Lawmakers protest Polish president’s anti-LGBTQ views by forming rainbow at his swearing-in

In the U.S., some female lawmakers have used suffragette-inspired white suits and, for the vote on articles of impeachment against President Donald Trump in December, dark, somber outfits to make a political statement. In Poland, however, left-wing members of parliament (MPs) are using bright, bold colors to take a stand.

Thursday saw the second swearing-in of Polish President Andrzej Duda, who was re-elected last month and will serve another five-year term; Aug. 6 also marks the five-year anniversary of Duda first assuming office as president, in 2015. The ceremony in Warsaw comes just two months after the conservative leader caused controversy pledging to bar gay couples from getting married or adopting children. He also opposes the teaching of LGBTQ issues in school, and has said that the LGBTQ community “are not people” but an “ideology” he deems “more destructive” than communism. Just days before being re-elected in a runoff race, Duda, an ally of Poland’s Law and Justice Party (PiS), called for a constitutional amendment formally banning gay couples from adopting children, saying, “I am convinced that, thanks to this, children's safety and concern for the good of children will be ensured to a much greater extent.”

Polish President Andrzej Duda (pictured second from the left, with wife Agata) was confronted by left-wing parliamentarians taking a colorful stand for LGBTQ rights.  (Photo: WOJTEK RADWANSKI/AFP via Getty Images)
Polish President Andrzej Duda (pictured second from the left, with wife Agata) was confronted by left-wing parliamentarians taking a colorful stand for LGBTQ rights. (Photo: WOJTEK RADWANSKI/AFP via Getty Images)

While Poland has been declared, per a 2020 survey from the International Lesbian, Gay, Bisexual, Trans and Intersex Association (ILGA), the worst country in the European Union for gay rights — indeed, Duda’s more centrist rival also opposed adoption by gay couples — not everyone shares those views. On Thursday, a group of MPs let Duda know exactly how they felt about his homophobic positions by wearing rainbow face masks and outfits representing the colors of the rainbow, defiantly posing outside the Polish parliament building in a show of solidarity for the LGBTQ community and the rainbow pride flag. (While predominantly women, the group included one male MP, Maciej Kopiec, who sported a bright orange blazer over his dark suit.)

The lawmakers took a sartorial stand against Duda's conservative views on the LGBTQ community. (Photo: WOJTEK RADWANSKI/AFP via Getty Images)
The lawmakers took a sartorial stand against Duda's conservative views on the LGBTQ community. (Photo: WOJTEK RADWANSKI/AFP via Getty Images)

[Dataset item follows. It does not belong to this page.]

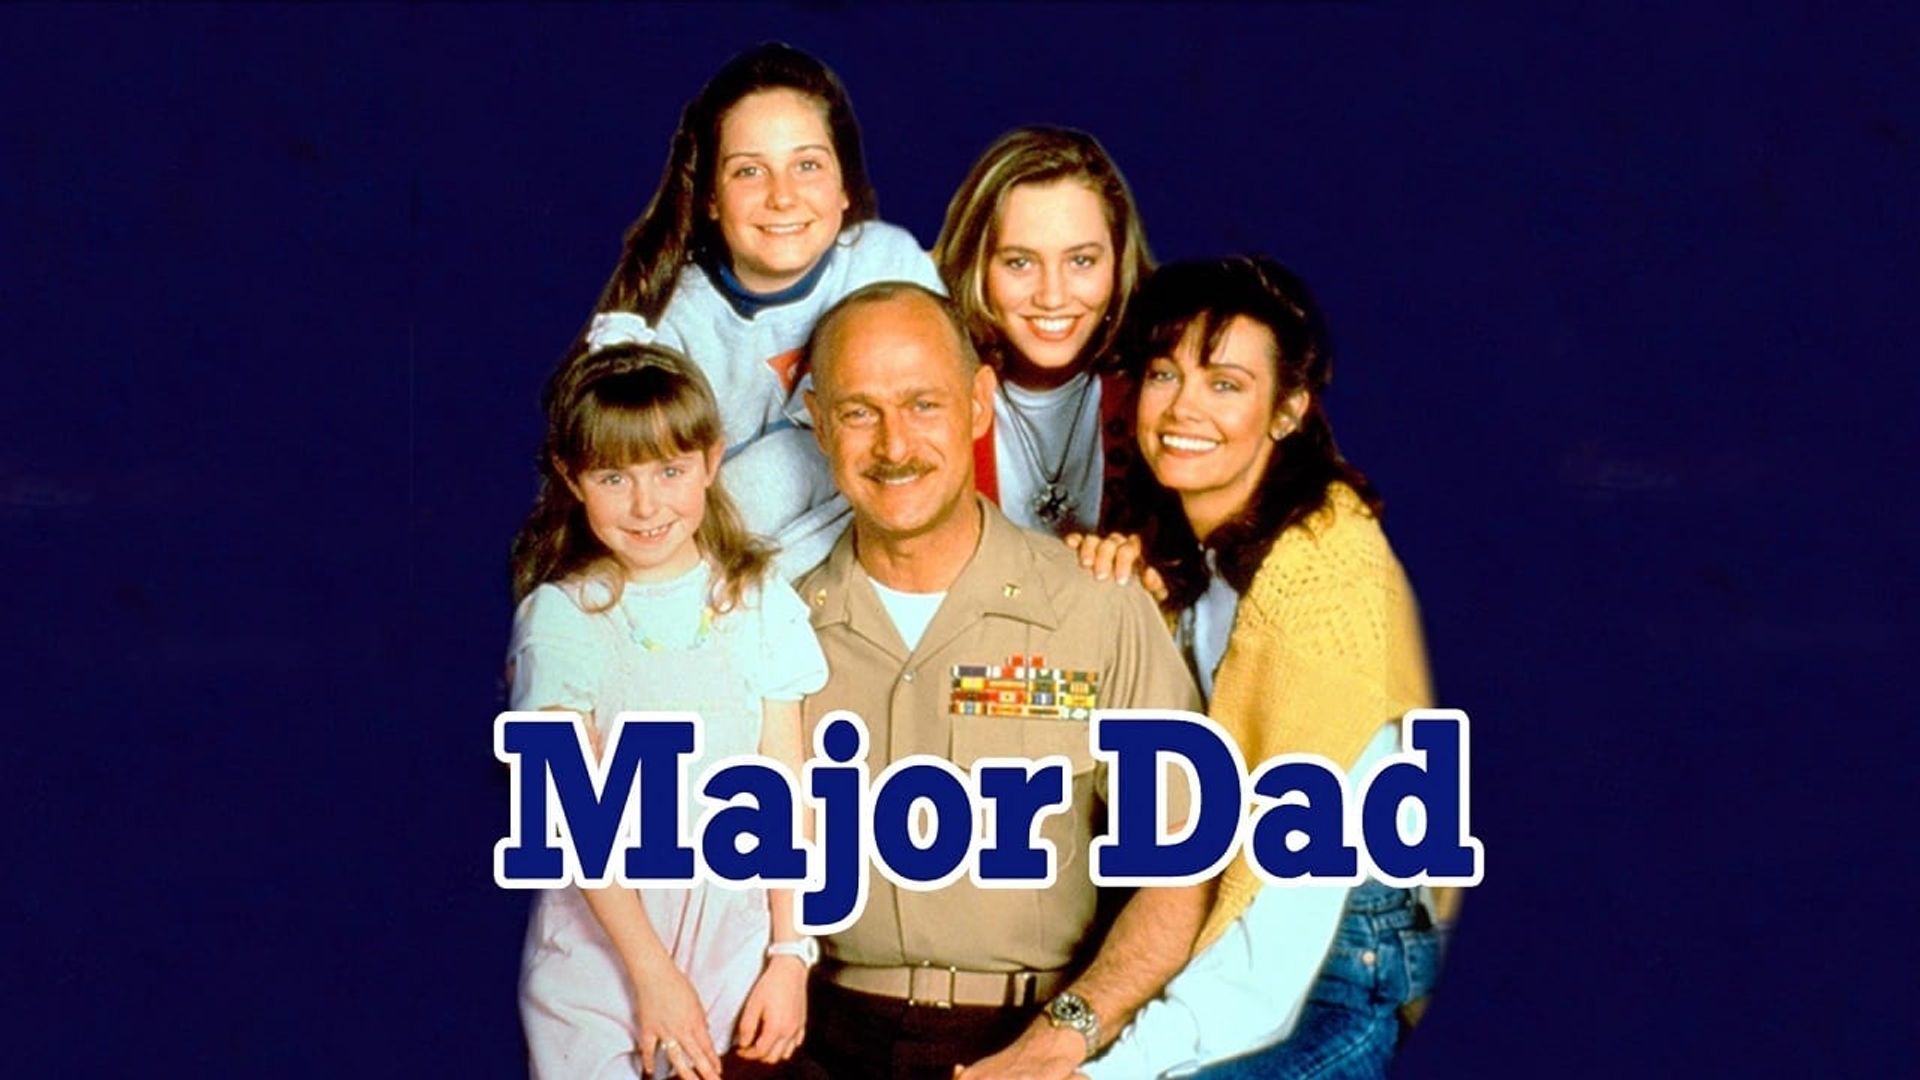 Major Dad background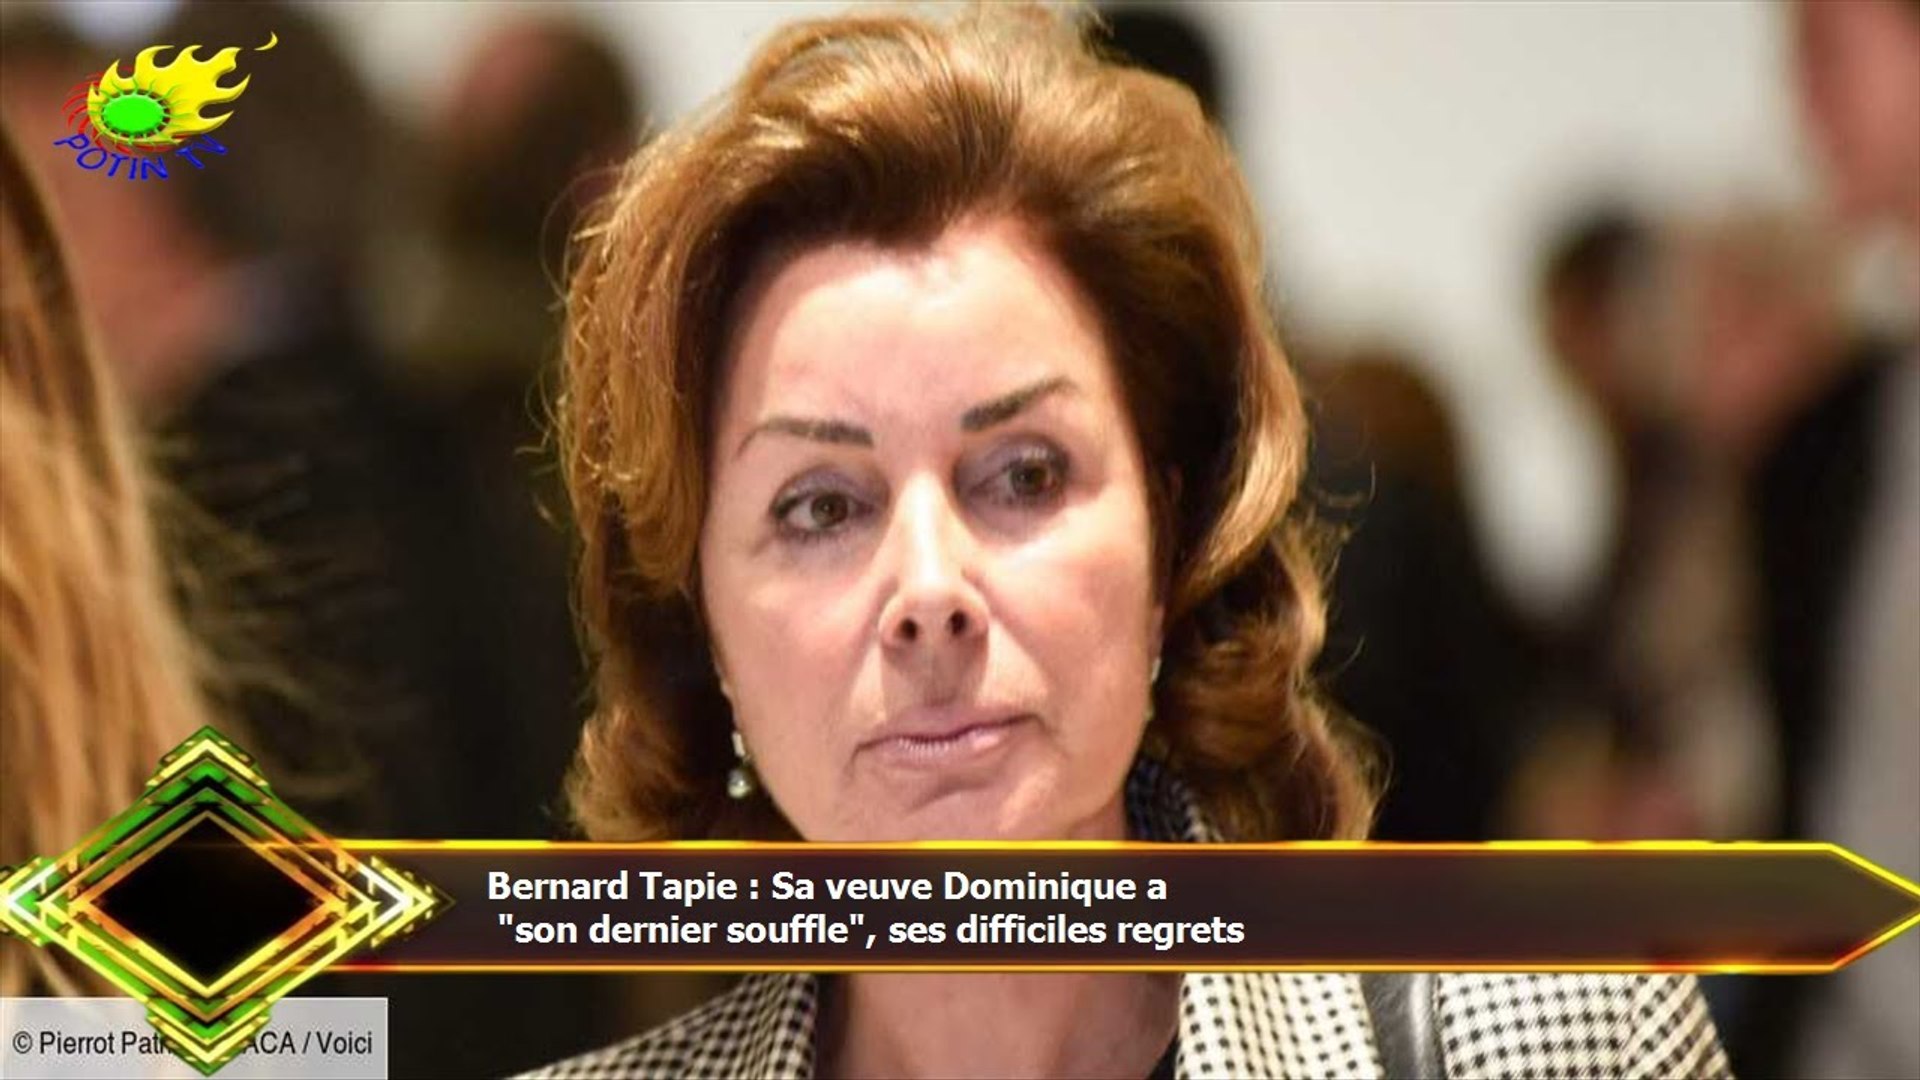 Bernard Tapie : Sa veuve Dominique a "son dernier souffle", ses difficiles  regrets - Vidéo Dailymotion

“We wanted to remind President Andrzej Duda that ... in the constitution there is a guarantee of equality for all,” Left MP Anna-Maria Żukowska said, per the New York Times, adding that Duda’s campaign had “dehumanized LGBT people by denying them the right to be people."

The Globe Post reports that MPs decided wearing the bright colors — and posing in a rainbow arrangement, so as not to be cropped out in press images of the event — was a more productive form of protest than boycotting the swearing-in ceremony.

“Instead, we have decided to symbolically demonstrate our solidarity with people who live month by month in an atmosphere of increasing fear and insecurity in their own country,” a statement from the group, who also posed with gay pride flags, reads.

President Duda (pictured on Aug. 3) was re-elected to a second five-year term last month. (Photo: Beata Zawrzel/NurPhoto via Getty Images)
President Duda (pictured on Aug. 3) was re-elected to a second five-year term last month. (Photo: Beata Zawrzel/NurPhoto via Getty Images)

MP Wanda Nowicka, who wore a purple dress for the ceremony, also presented Duda with a letter demanding an end to his discriminatory campaign against LGBTQ people.

Along with Żukowska, Nowicka and Kopiec, the group featured MPs Katarzyna Kretkowska, Monika Falej, Beata Maciejewska, Anita Sowińska, Malgorzata Prokop, Katarzyna Ueberhan, Agnieszka Ewa Dziemianowicz-Bąk and Joanka Scheuring-Wielgus.